Busemann functions on \(\Re_{\text RI}(m,n)\) and \(\Re_{\text{IV}}(n)\) (Q1425359)

For a complete Riemannian manifold \(M\), let \(r(t)\) be a geodesic ray, where \(t\) is the arc length parameter, and \(d\) the Riemannian distance on \(M\). The function \(\beta_r\) defined by \(\beta_r(x):=\lim_{t\to\infty}(d(x,r(t))-t)\), \(x\in M\), is called the Busemann function determined by \(r\). \textit{J. Q. Zhong} [Acta Math. Sin. 33, No. 5, 577--591 (1990; Zbl 0716.53046)] has obtained the Busemann function on the so-called Cartan domain of the first type explicitly and also announced that his method is suitable for the Cartan domains of the second and third type [see also \textit{M. Kou} and \textit{Z. Zhao}, Adv.

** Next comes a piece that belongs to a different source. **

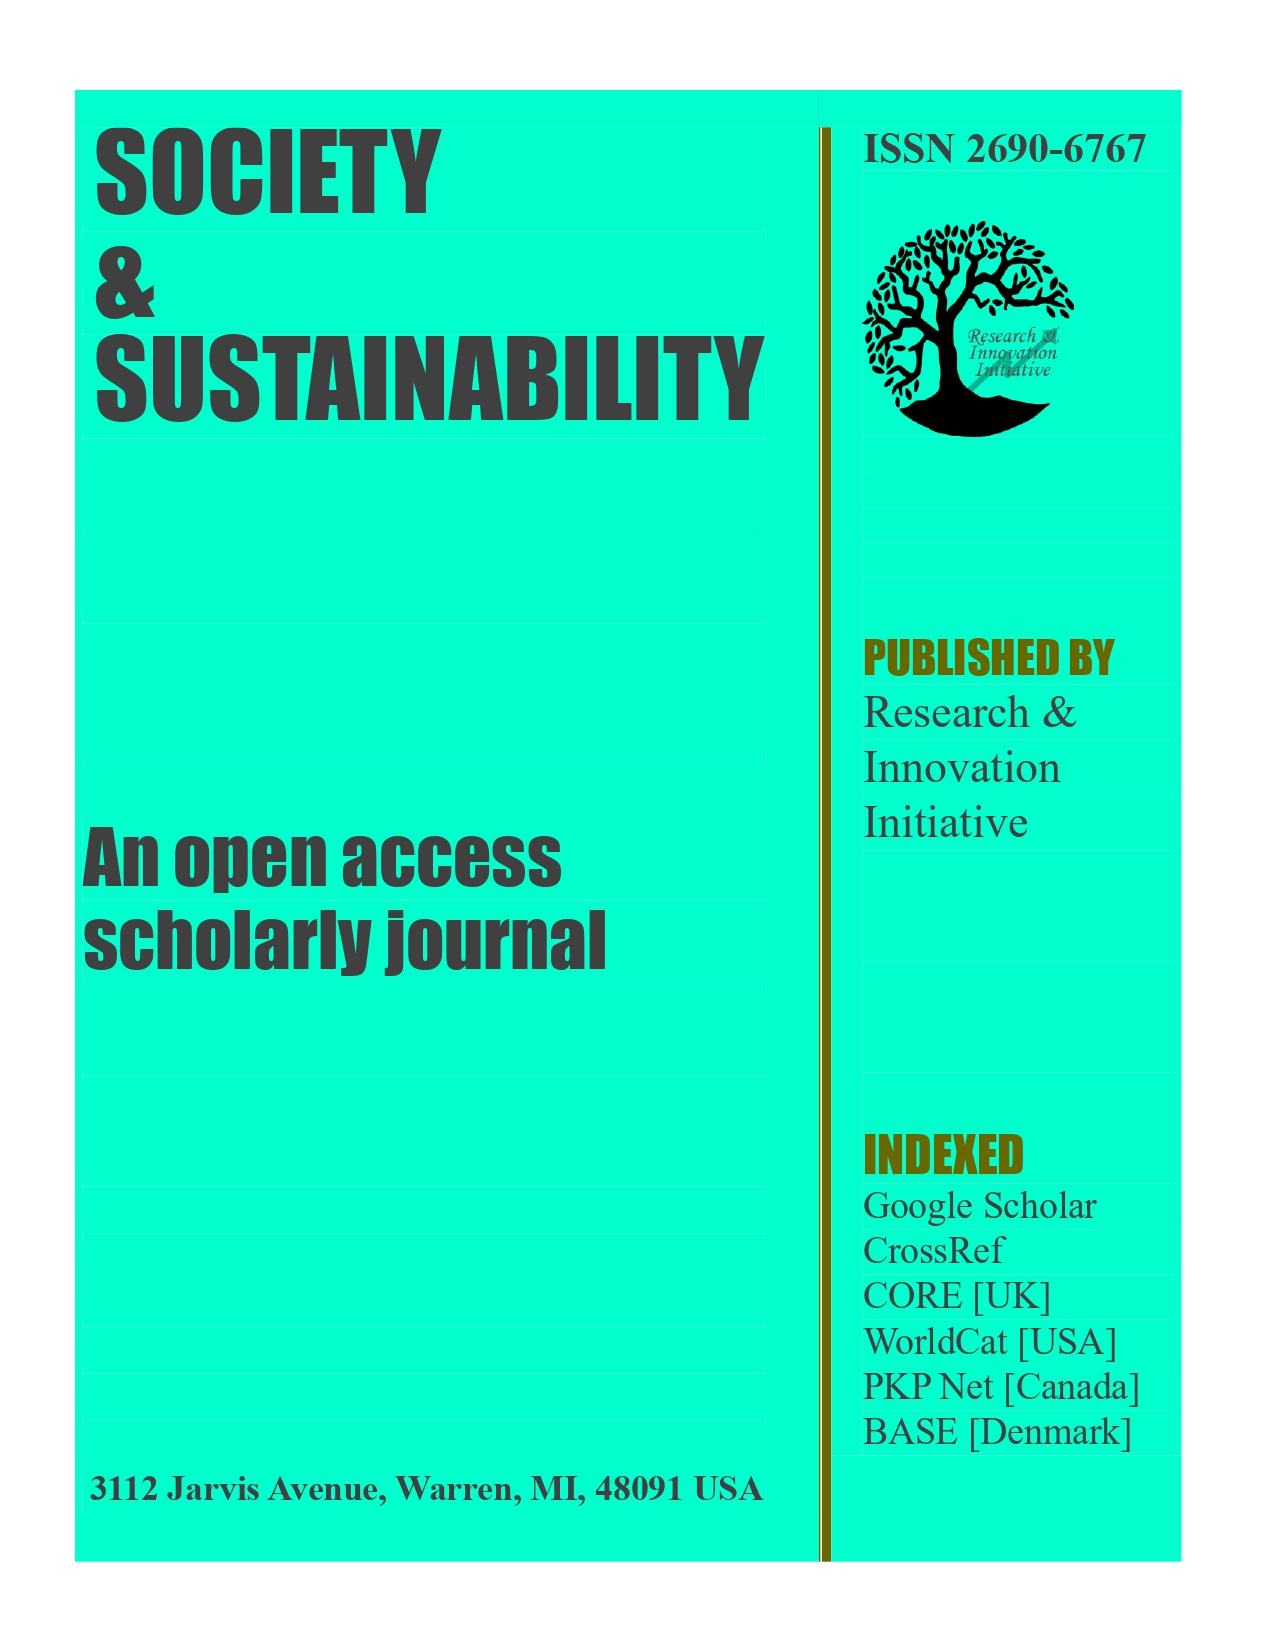 Society & Sustainability

Math., Beijing 30, No. 5, 414--426 (2001; Zbl 1004.32008)]. Let \(\mathbb{R}^{m\times n}\) be the set of all real \(m\times n\) matrices. In this paper, an explicit formula for the Busemann function on \(\{X\in \mathbb{R}^{m\times n}\;| \;I-XX'>0\}\), \(m\leq n\) [resp. \(\{z=(z_1,\dots, z_n)\in \mathbb{C}^n\;| \;1+| zz'| ^2-2| z| ^2>0,\;1-| zz'| >0\}\), that is the Cartan domain of the fourth type] determined by any geodesic ray through \(0\) [resp. the geodesic ray joining \(0\) to \(\lambda=(\lambda_1, i\lambda_2, 0,\dots,0)\), \(\lambda_1\geq\lambda_2\geq 0\) and \(1>\lambda_1+\lambda_2\)] is established.